##### Data below #####
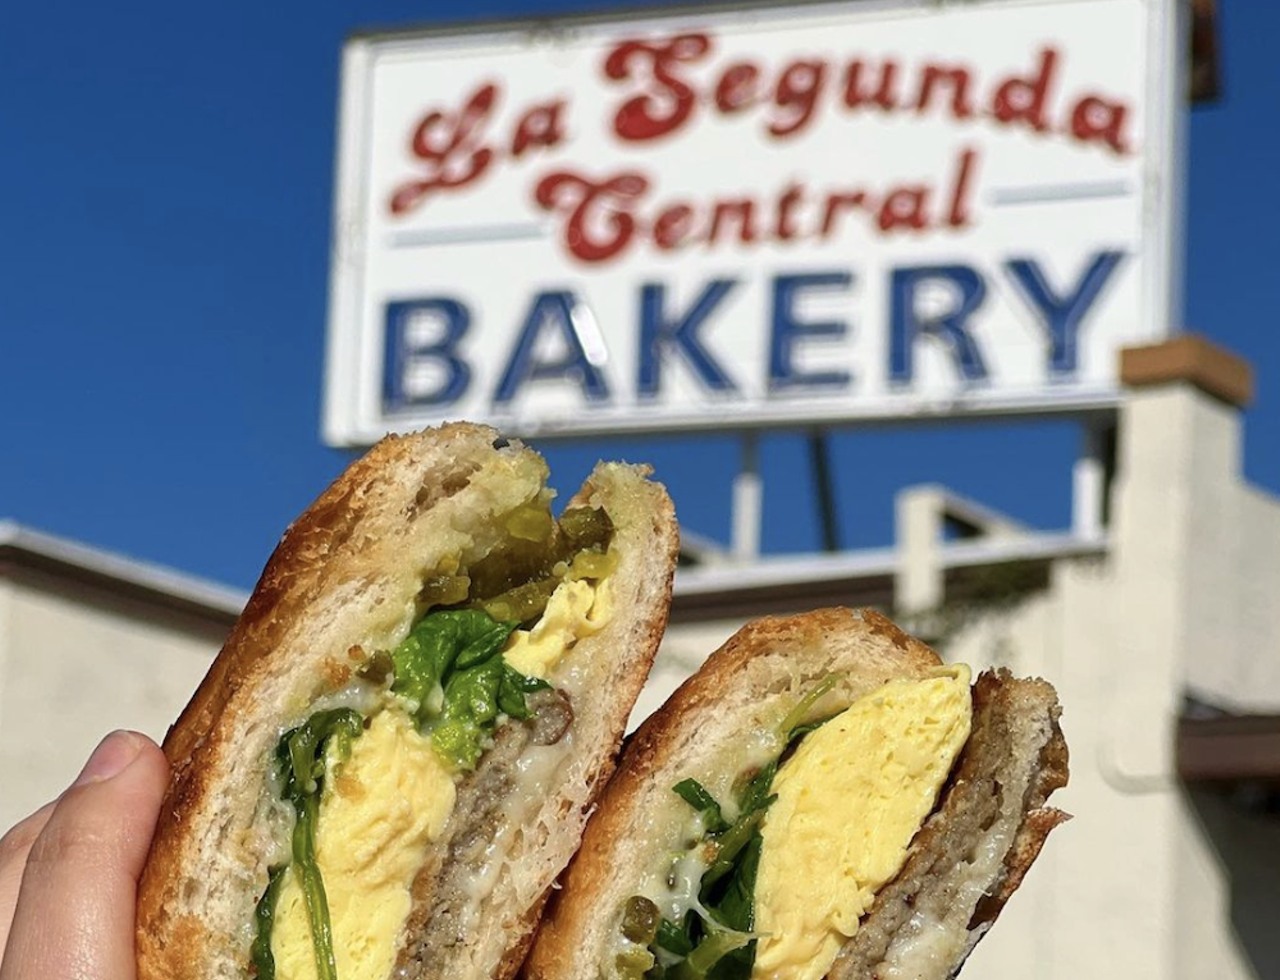 La Segunda Bakery
2424 4th S.t N, St. Petersburg, 727-388-4983
A taste of Ybor City culture makes its way to Pinellas when this Tampa staple starts serving Cuban staples like guava and cheese pastelitos and Cuban sandwiches to the beachside community. 
Photo via La Segunda Bakery/Instagram
#####
Task to carry out =
Copy out the listing word for word and skip its pictures.

Exercise output =
 La Segunda Bakery
2424 4th S.t N, St. Petersburg, 727-388-4983
A taste of Ybor City culture makes its way to Pinellas when this Tampa staple starts serving Cuban staples like guava and cheese pastelitos and Cuban sandwiches to the beachside community. 
Photo via La Segunda Bakery/Instagram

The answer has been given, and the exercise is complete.